Top of Provided material
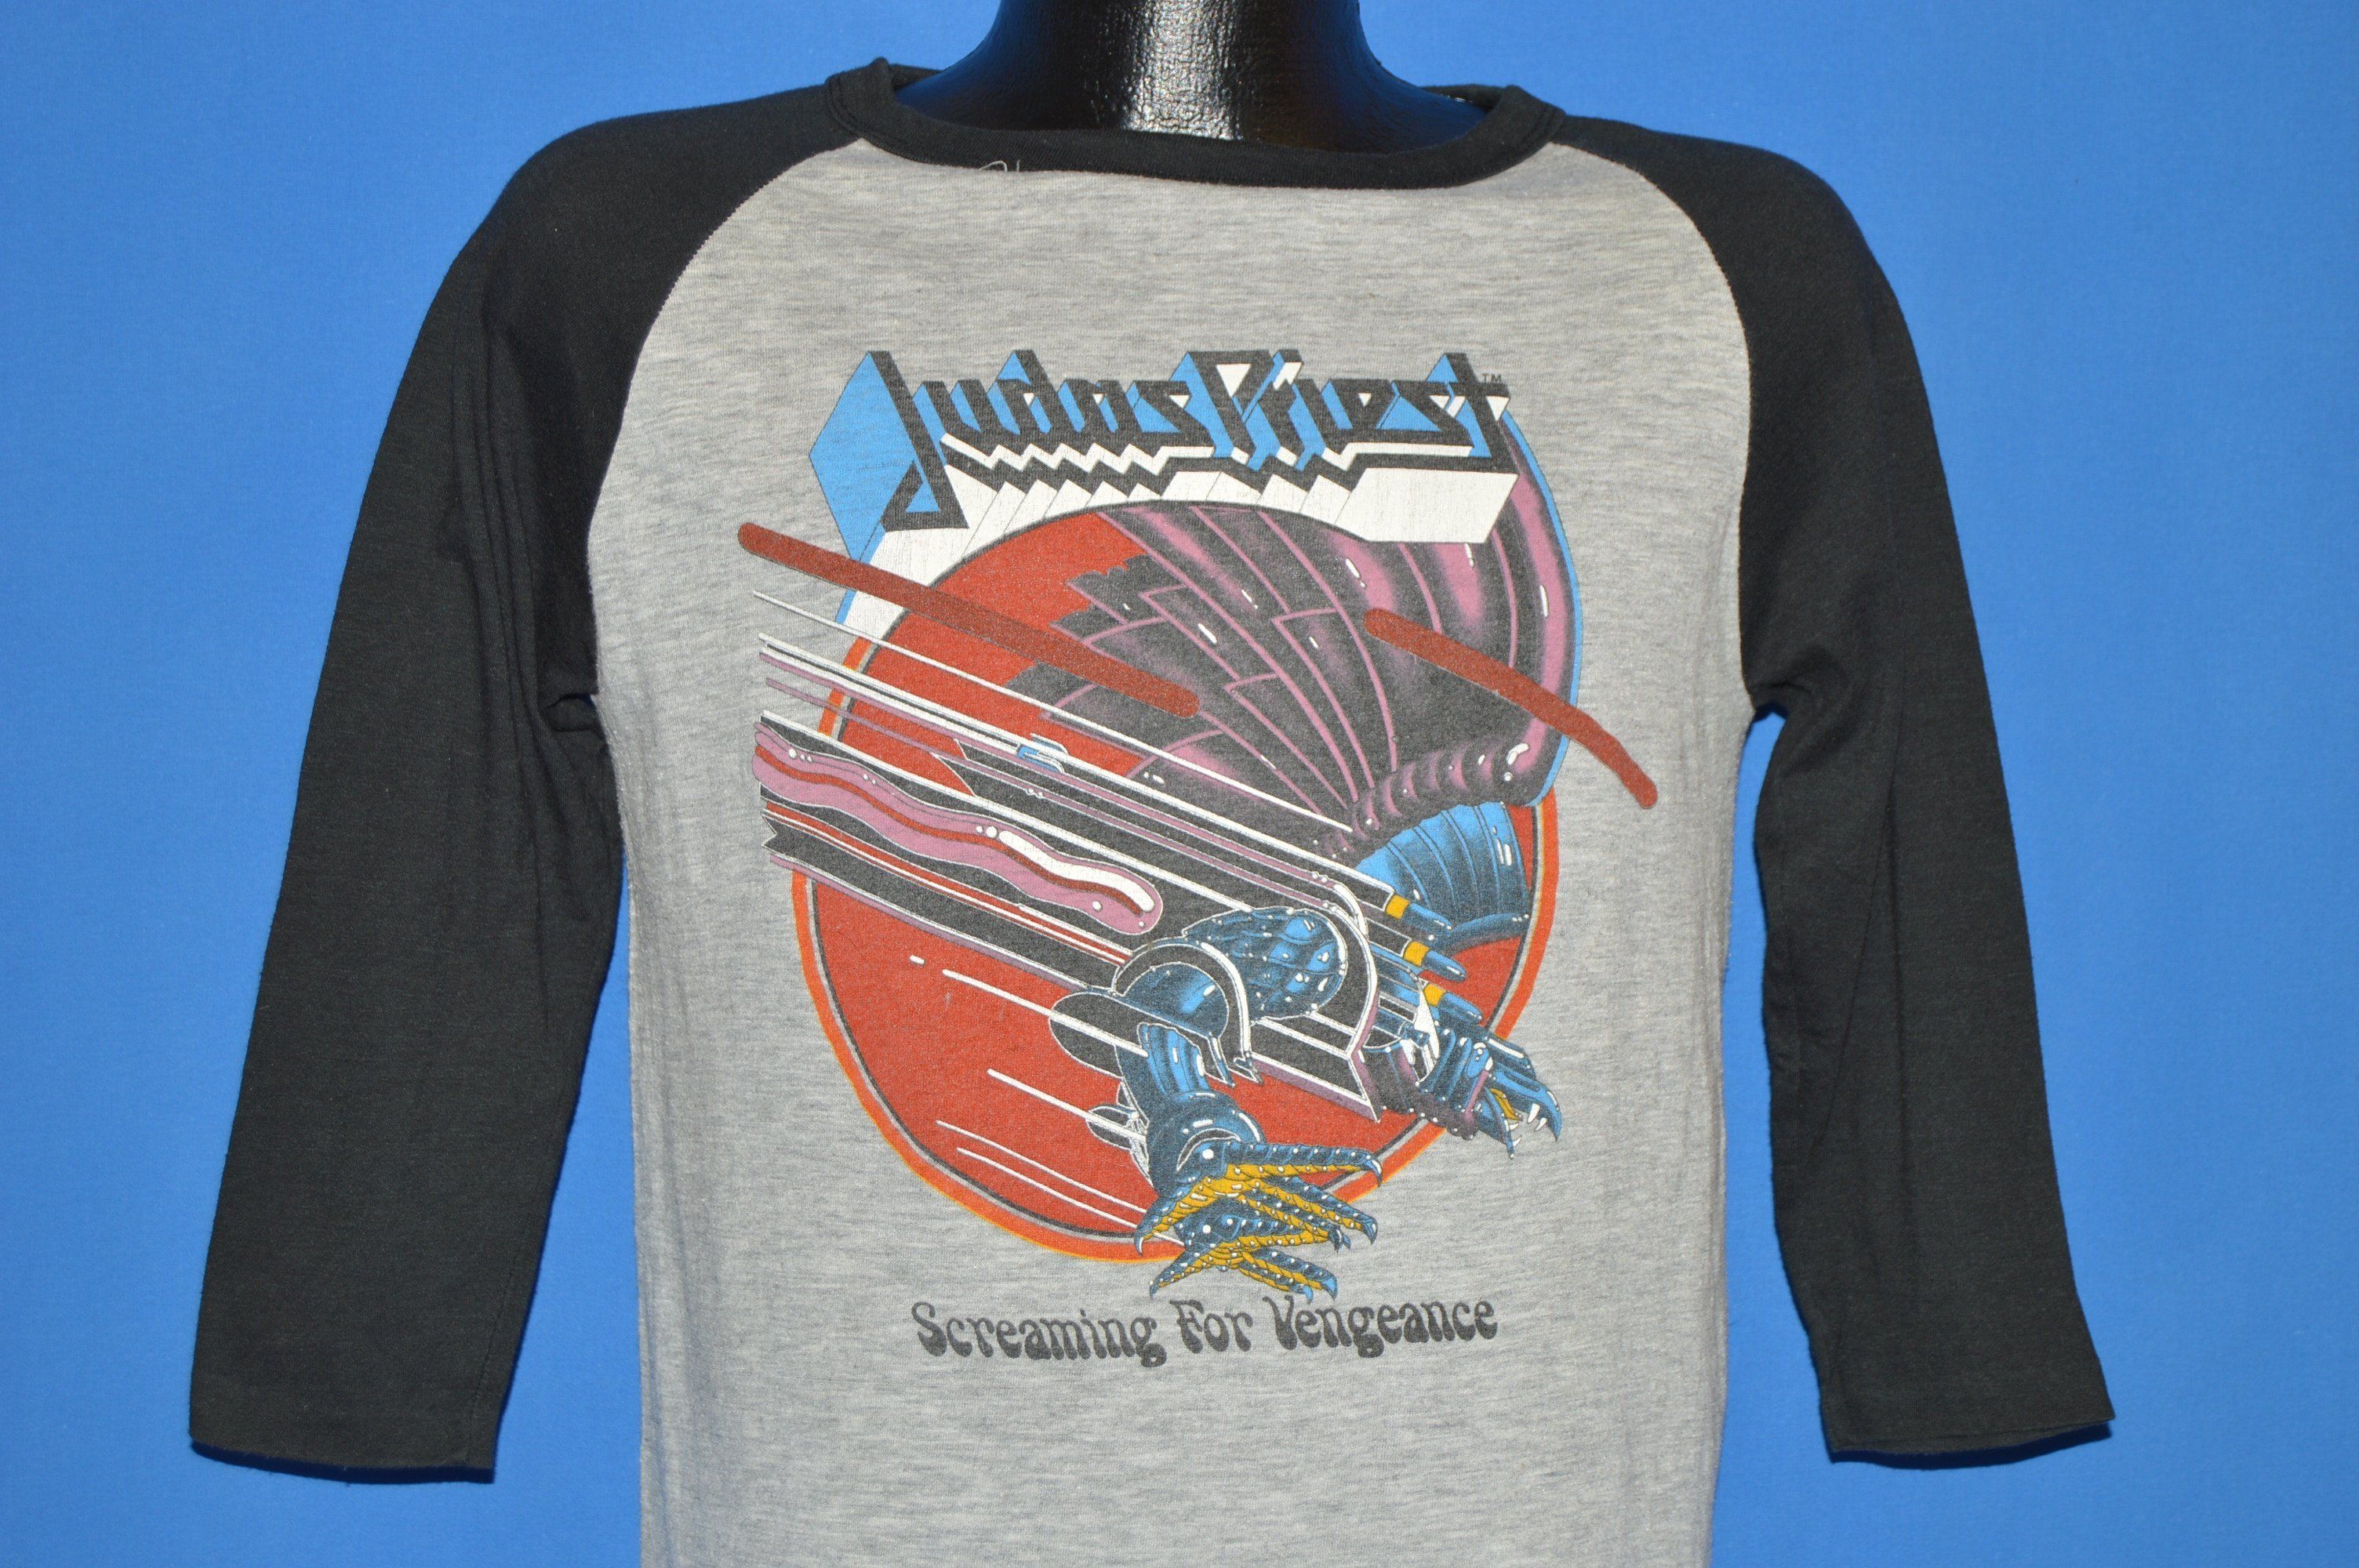 judas priest 1980 tour shirt
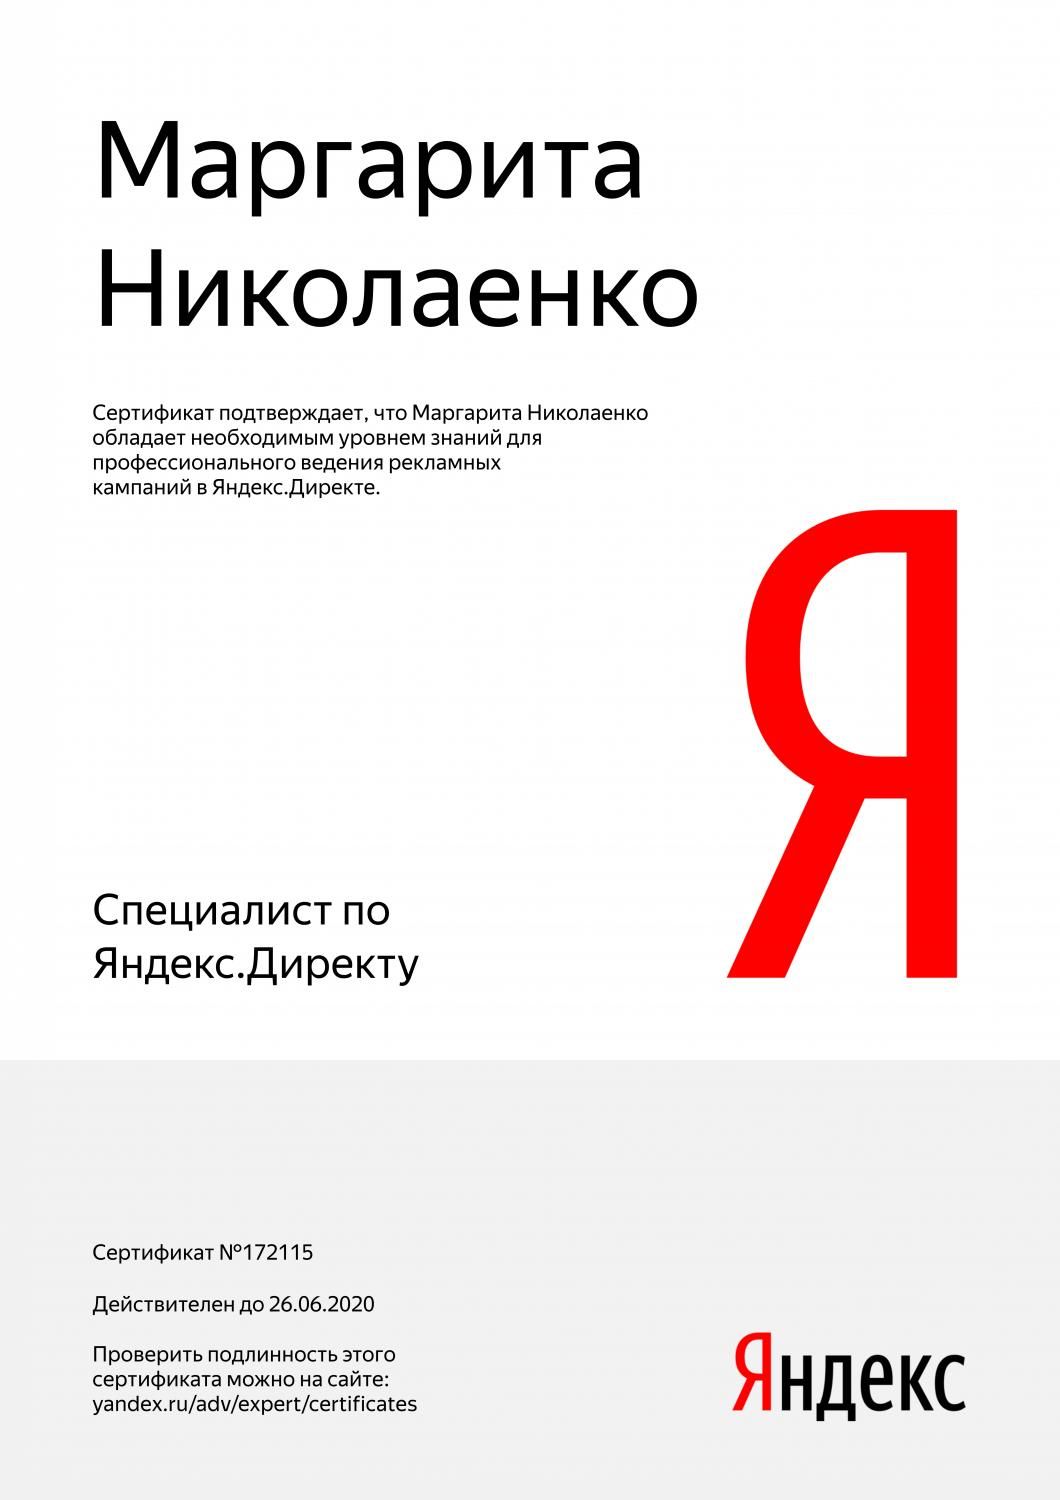 Сертификат специалиста Яндекс. Директ - Николаенко М. в Новороссийска
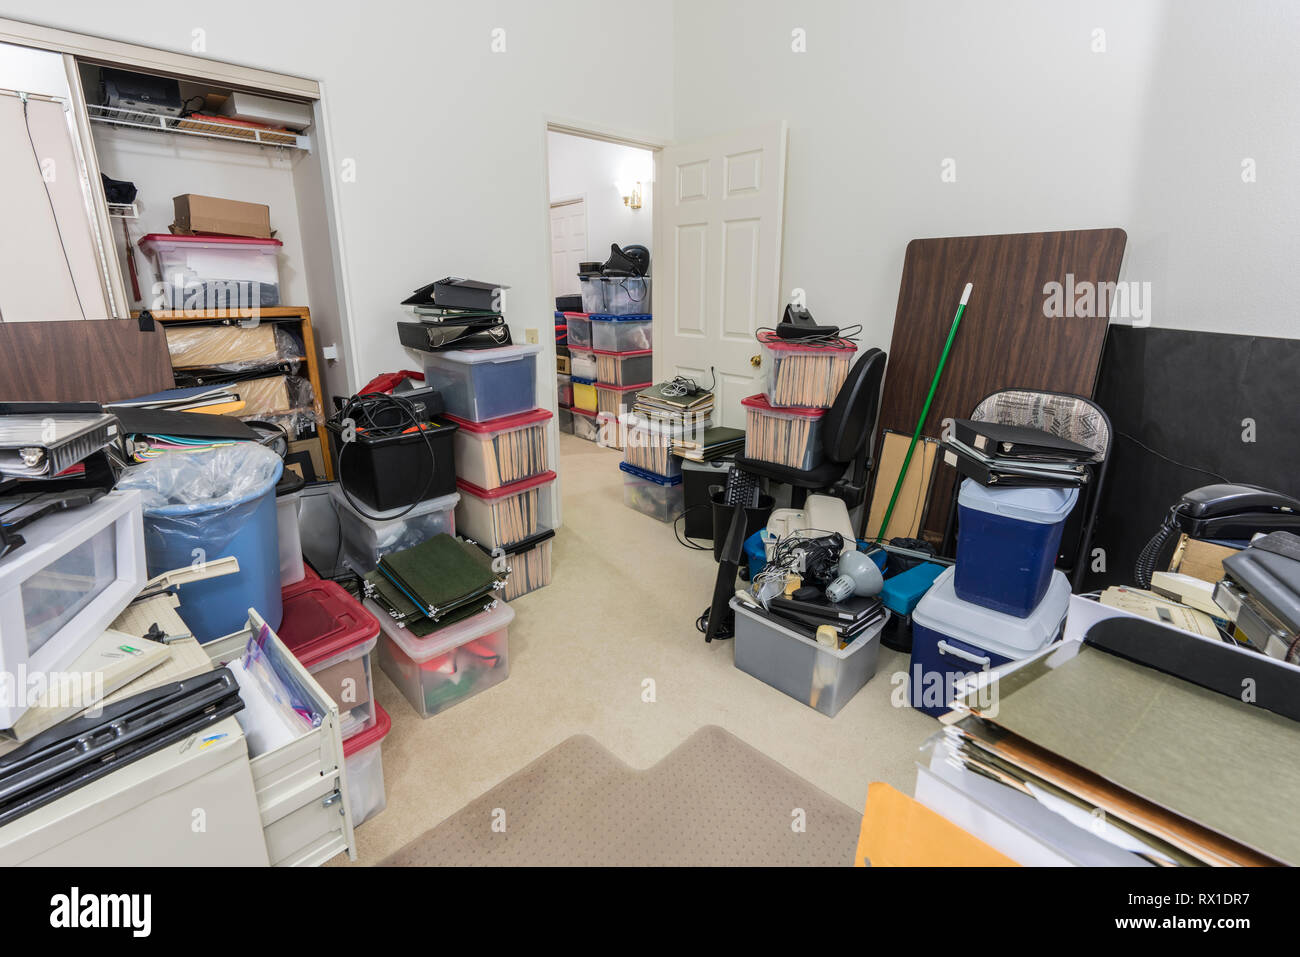 Unordentliche back office mit Kästen, Unordnung, alte Geräte und Lagerungen. Stockfoto
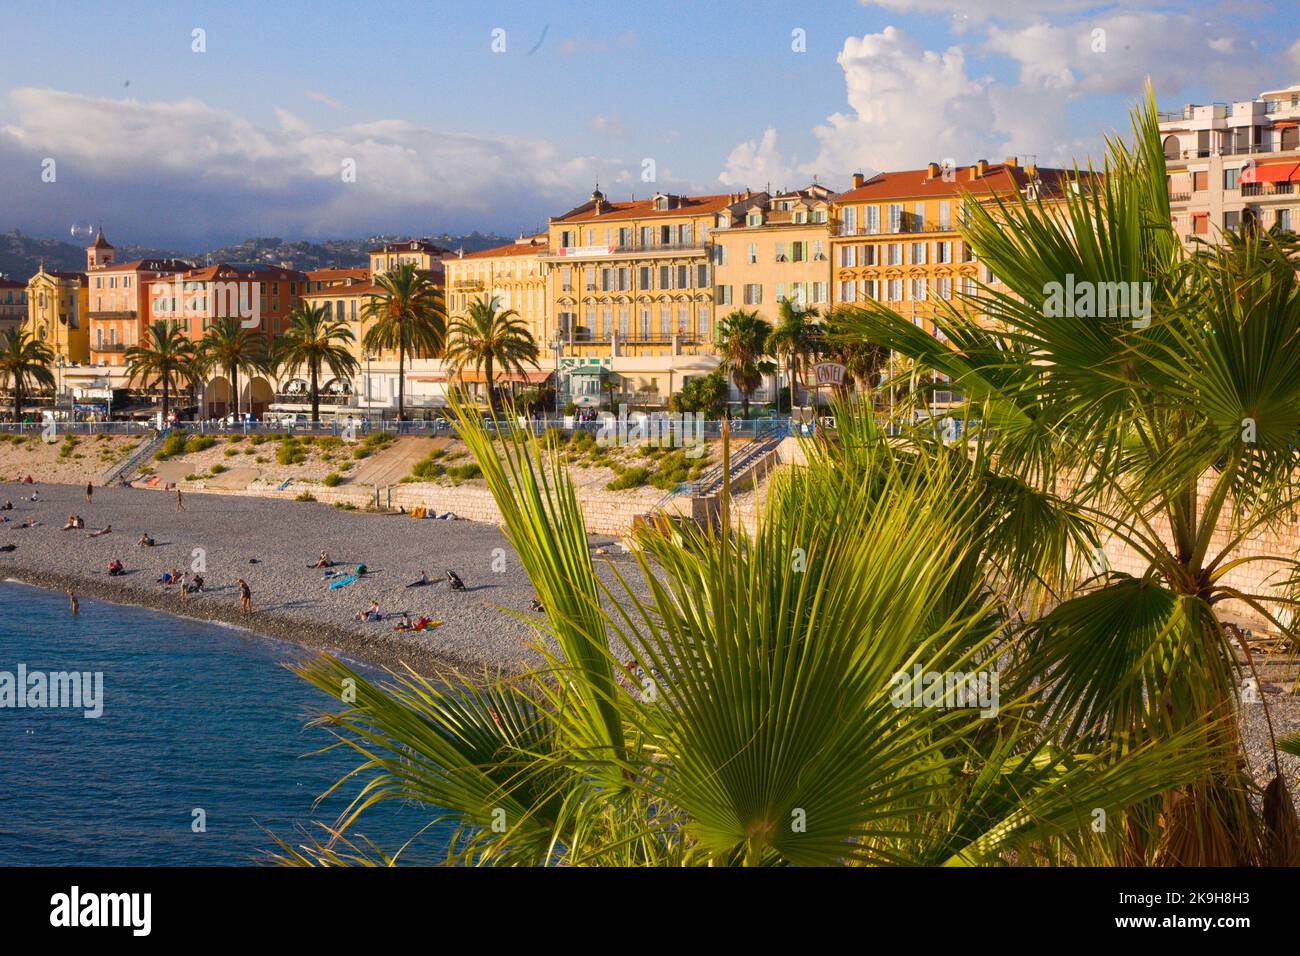 France, Cote d'Azur, Nice, Plage des Ponchettes, beach, people, Stock Photo
Bottom of Provided material
__Try it__:
In full and without changes, repeat the listing above, but not its pictures.

__Task answer__:
 judas priest 1980 tour shirt
 Сертификат специалиста Яндекс. Директ - Николаенко М. в Новороссийска
 Unordentliche back office mit Kästen, Unordnung, alte Geräte und Lagerungen. Stockfoto
 France, Cote d'Azur, Nice, Plage des Ponchettes, beach, people, Stock Photo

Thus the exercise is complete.